Maryla Rodowicz została sama - po wielu romansach i długoletnim małżeństwie, przeszła wyczerpującą i poniżającą batalię sądową ze swym ex i dziś pozostaje samotną rozwódką. Jeszcze niedawno żaliła się, że nie ma już nadziei na szczęście i wątpi, by dane jej było przeżyć jeszcze jakieś miłosne uniesienia. Czas jednak leczy rany i pomaga oswoić się z rzeczywistością. I w przypadku polskiej gwiazdy świetnie się to sprawdziło.
Maryla Rodowicz rok po zakończeniu sprawy rozwodowej, na świat i życie patrzy już zupełnie inaczej. 76-latka zapewnia, że nauczyła się być sama i samotność przestała jej doskwierać. Zrozumiała, jak dobrze może być w pojedynkę, bez mężczyzny u boku i dziś cieszy się życiem jako singielka.
Maryla Rodowicz zapewnia: kocham samotność
W rozmowie z pismem "Twoje Imperium" Maryla Rodowicz oznajmiła, że życie bez mężczyzny jest... cudowne, a samotność może być fantastyczna. Ona czerpie dziś z życia garściami, odsuwa od siebie czarne myśli i jest szczęśliwa tak, jak dawno nie była.

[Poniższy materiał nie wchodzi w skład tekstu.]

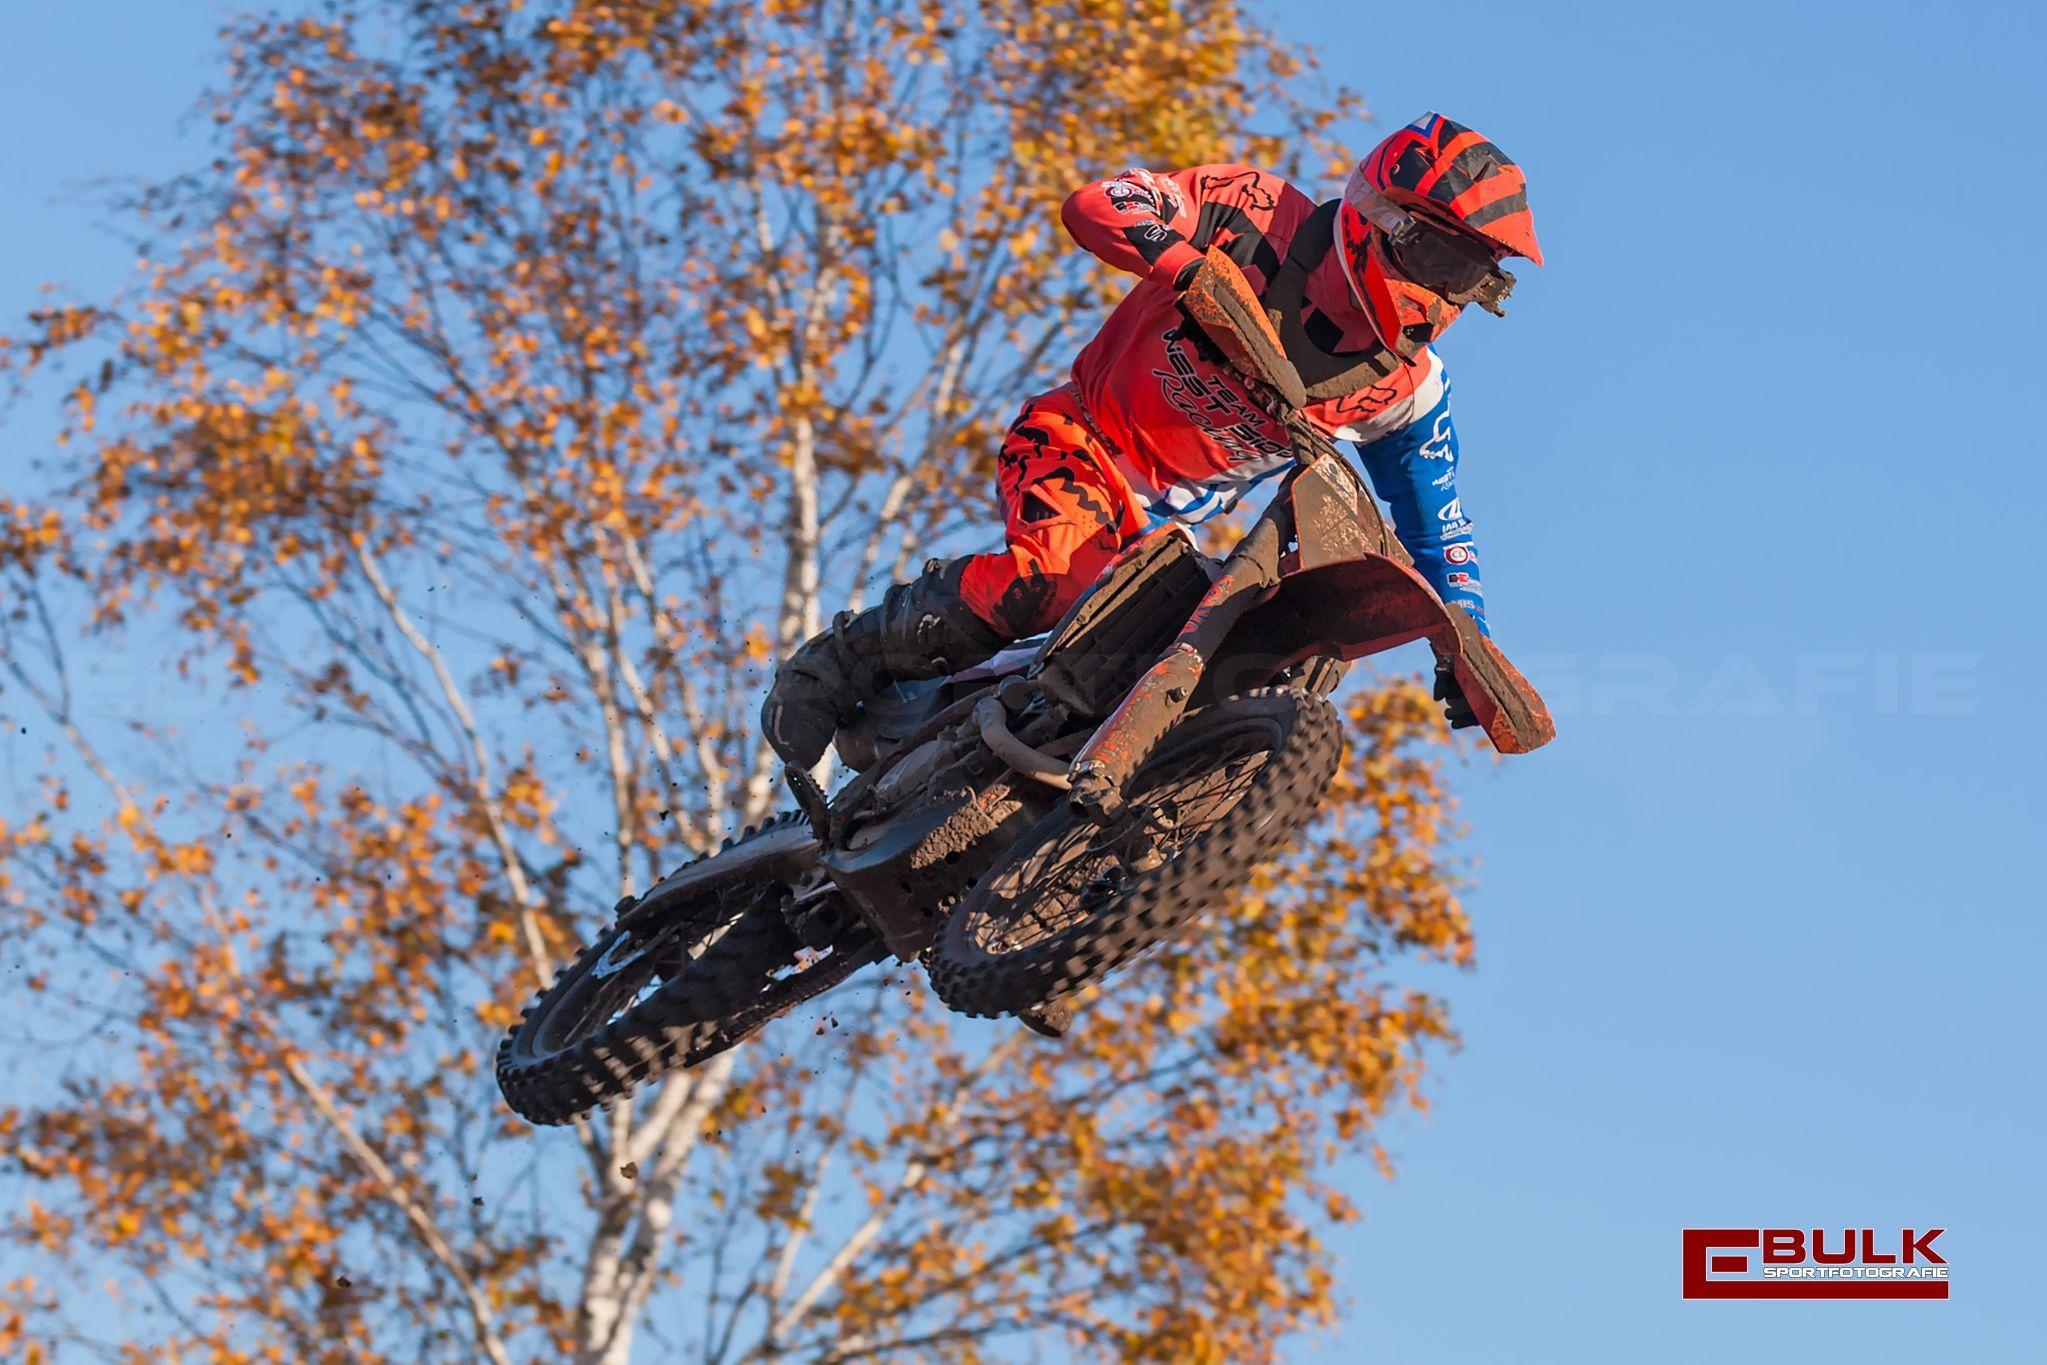 ebs_0507-ed_bulk_sportfotografie

Odsuwam od siebie ciemne myśli, jest więc mi bardzo dobrze. Jestem szczęśliwą singielką. Bardzo lubię być sama, uwielbiam wręcz! Nie rozumiem ludzi, którzy mówią, "Ojej, jak mi kogoś brakuje" i płaczą, że samotność jest okropna. Właśnie odwrotnie! Samotność jest fantastyczna!
- mówi pewna siebie Maryla Rodowicz.
Wokalistka przyznaje, szczerze, że nie zawsze miała tak luźne podejście do życia i długo nie potrafiła być sama. Wdawała się w liczne romanse, zawsze dążyła do tego, by mieć u boku jakiegoś mężczyznę, uciekała przed byciem tylko ze sobą. - Chyba bałam się samotności - mówi dziś szczerze.
- Biegałam po domach, po przyjaciołach. Żeby tylko nie być sama. Ale tak jak wtedy od samotności uciekałam i jej nie znosiłam, tak teraz za nią przepadam - przekonuje wokalistka.